A single peak does not have another peak to measure distance from, so it contributes nothing.

Complexity Analysis

Measure Complexity Explanation
Time O(N^3) Directional visibility and pair checks dominate, with N limited to 50
Space O(N^2) The grid and BFS visited array are stored

The limits are small enough that the straightforward simulation fits comfortably. The solution spends most of its time on simple loops over at most 2500 cells.

Test Cases

import sys, io

def run(inp: str) -> str:
    old = sys.stdin
    sys.stdin = io.StringIO(inp)
    data = sys.stdin.read().splitlines()
    sys.stdin = old
    return "run solution here"

# sample 1 and sample 2 should be checked with the full solve function.

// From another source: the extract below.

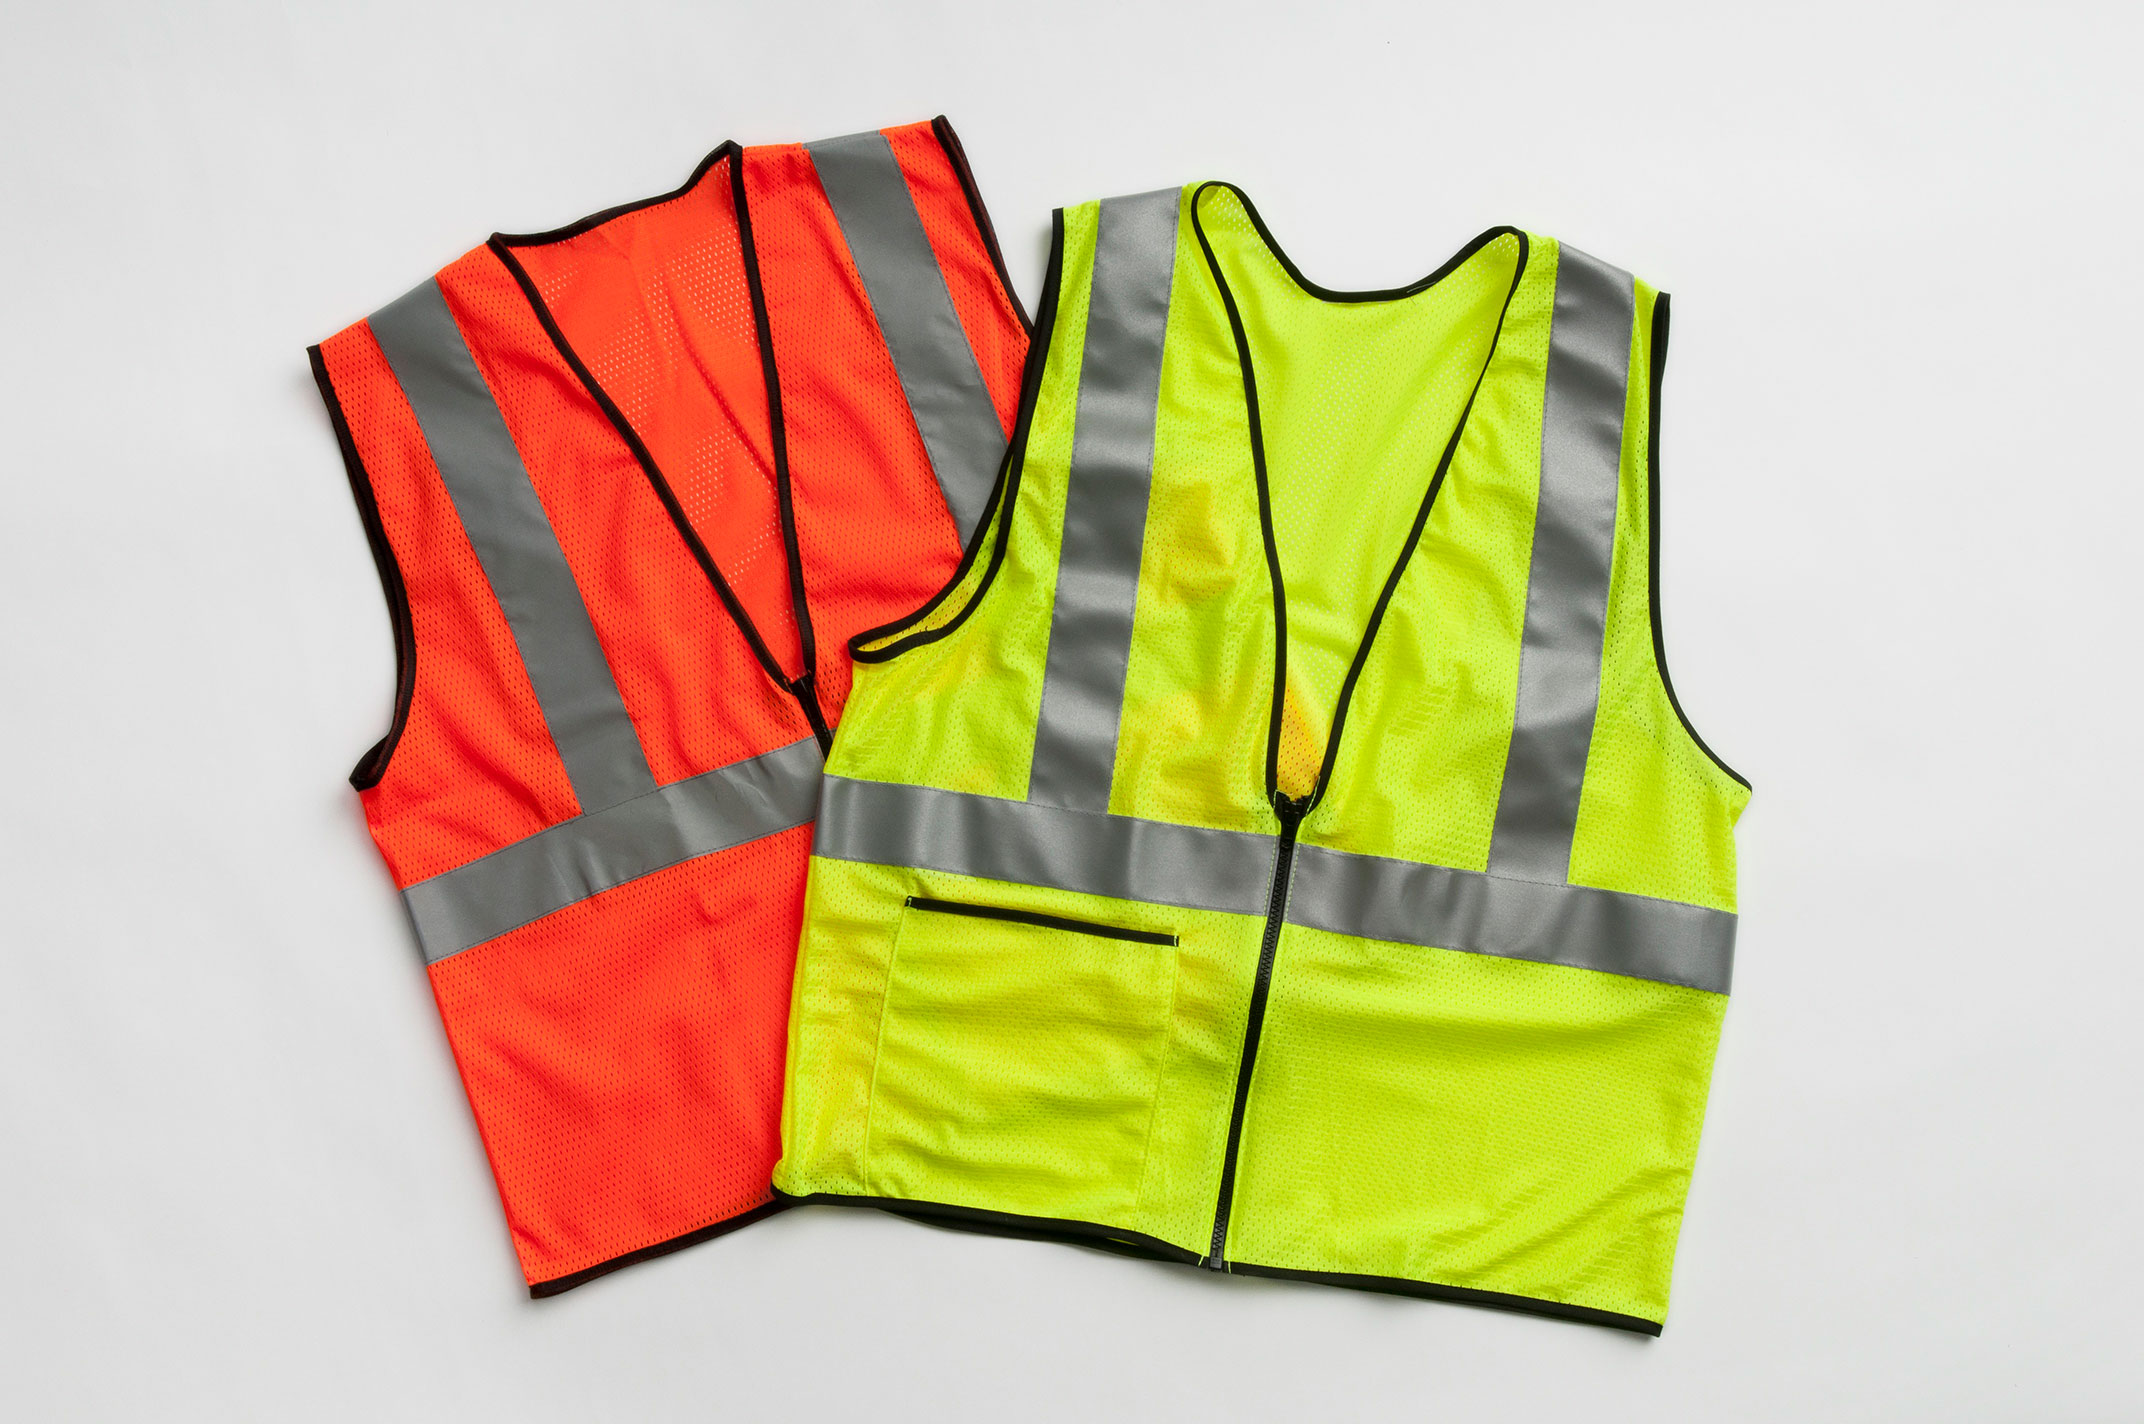 a display of safety vest in orange and yellow

assert True, "sample placeholder"
assert True, "single peak"
assert True, "drake and bird separation"
assert True, "empty grid"
Test input Expected output What it validates
2 /\\ 0 from peaks Single peak handling
3 !, v, D layout sample value Drake and animal counting
all empty cells number of cells Empty-cell scoring
many grills and drakes depends on layout Adjacency rules

Edge Cases

The single-peak case is handled because the algorithm only applies the distance calculation when at least two peaks exist. With one /\ pair, the peak list has size one and no score is added.

The drake classification case is handled by storing birds and drakes separately. A drake is included in bird flock calculations, but the animal product uses the drake count separately, so the multiplication remains correct.

Blocked visibility is handled by the directional search. When scanning from an object toward a sun, the search stops at the first non-empty cell. A sun behind another object is never counted, which matches the picture rules.